From the grasping comes the sense of becoming; one gets involved in this
whole process and is reborn into the new situation. From there emerges
the sense of dissatisfaction, and you get lost in that: 'Oh, here I go
again!'
Notice how birth and death work. You are bored with meditation, your
knees are hurting, you want to get up and do something interesting. Then
we get a pleasant, beautiful, creative idea that is really going to help
the world. Rather than simply noticing this as a pleasant idea, craving
develops to keep it going. We start to think, we grasp the craving and
then we create something. This is where we seek rebirth; we go on from
one to the next to another. It is important to notice this, because at
that point we have a choice. If we can see craving clearly and not grasp
it, we save ourselves a rebirth, and experience the silence of the mind.

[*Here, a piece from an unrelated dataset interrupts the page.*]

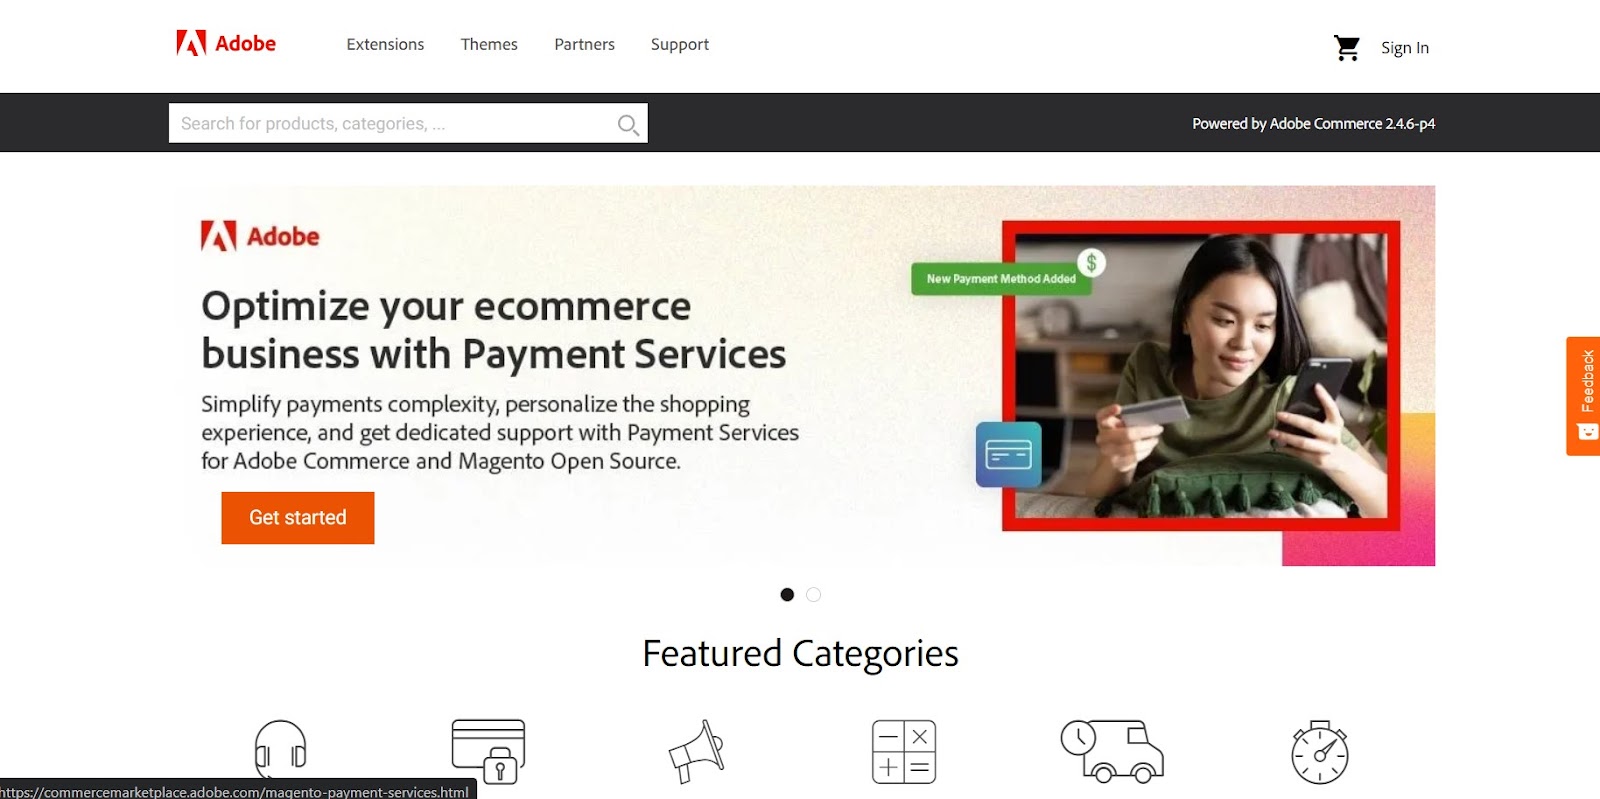 Download on Magento marketplace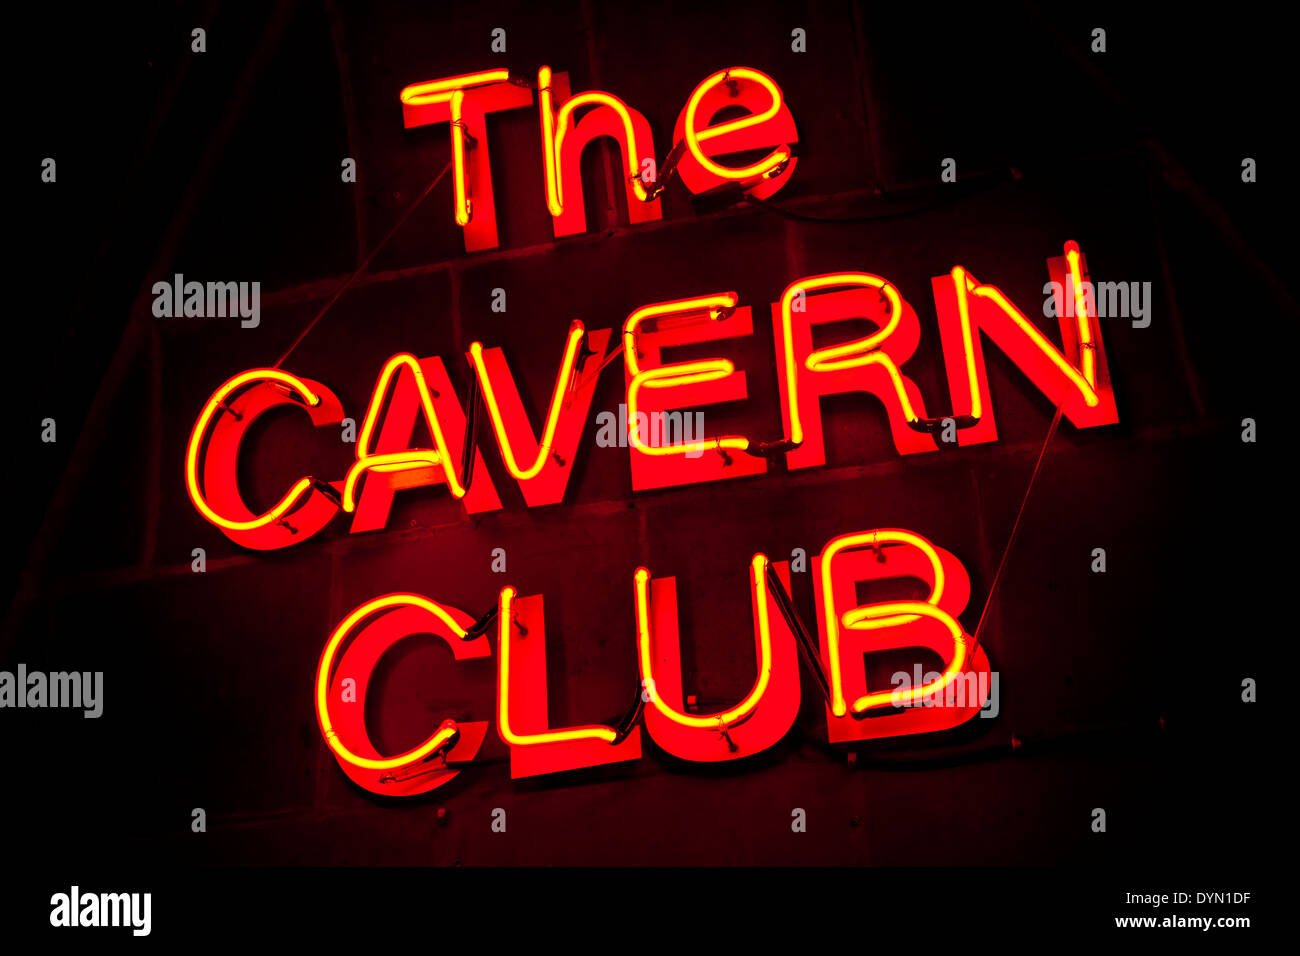 The neon sign for the historic Cavern Club in Liverpool. One of the venues in which 'The Beatles' started their career. Stock Photo

If, on the other hand we choose to be reborn then our next option will
be a death. Death is when the dancing will not stop; it continues on and
on in the mind. That is the decline, the kamma of attachment; rather
than face that decline into despair and boredom, we seek an alternative
rebirth. That is why boredom and disillusionment are so very important.
If we can simply bear to be with the ending of a cycle, that acceptance
can take us beyond rebirth.
So we choose. Sometimes we will be able to notice that movement towards
the pleasant, and we will say, 'No, I don't really need that'. At other
times we will get caught up with the pleasure. Then we will experience
its decline, and have to bear with that. Remember that if you are
reborn, you will need to die again!
Nibbana, liberation, is that which is not born and does not die, it
carries us beyond the cycle - not in terms of whether we will be a
rabbit in the next life - but right now. If you get that principle
right, it will always work for us in this way.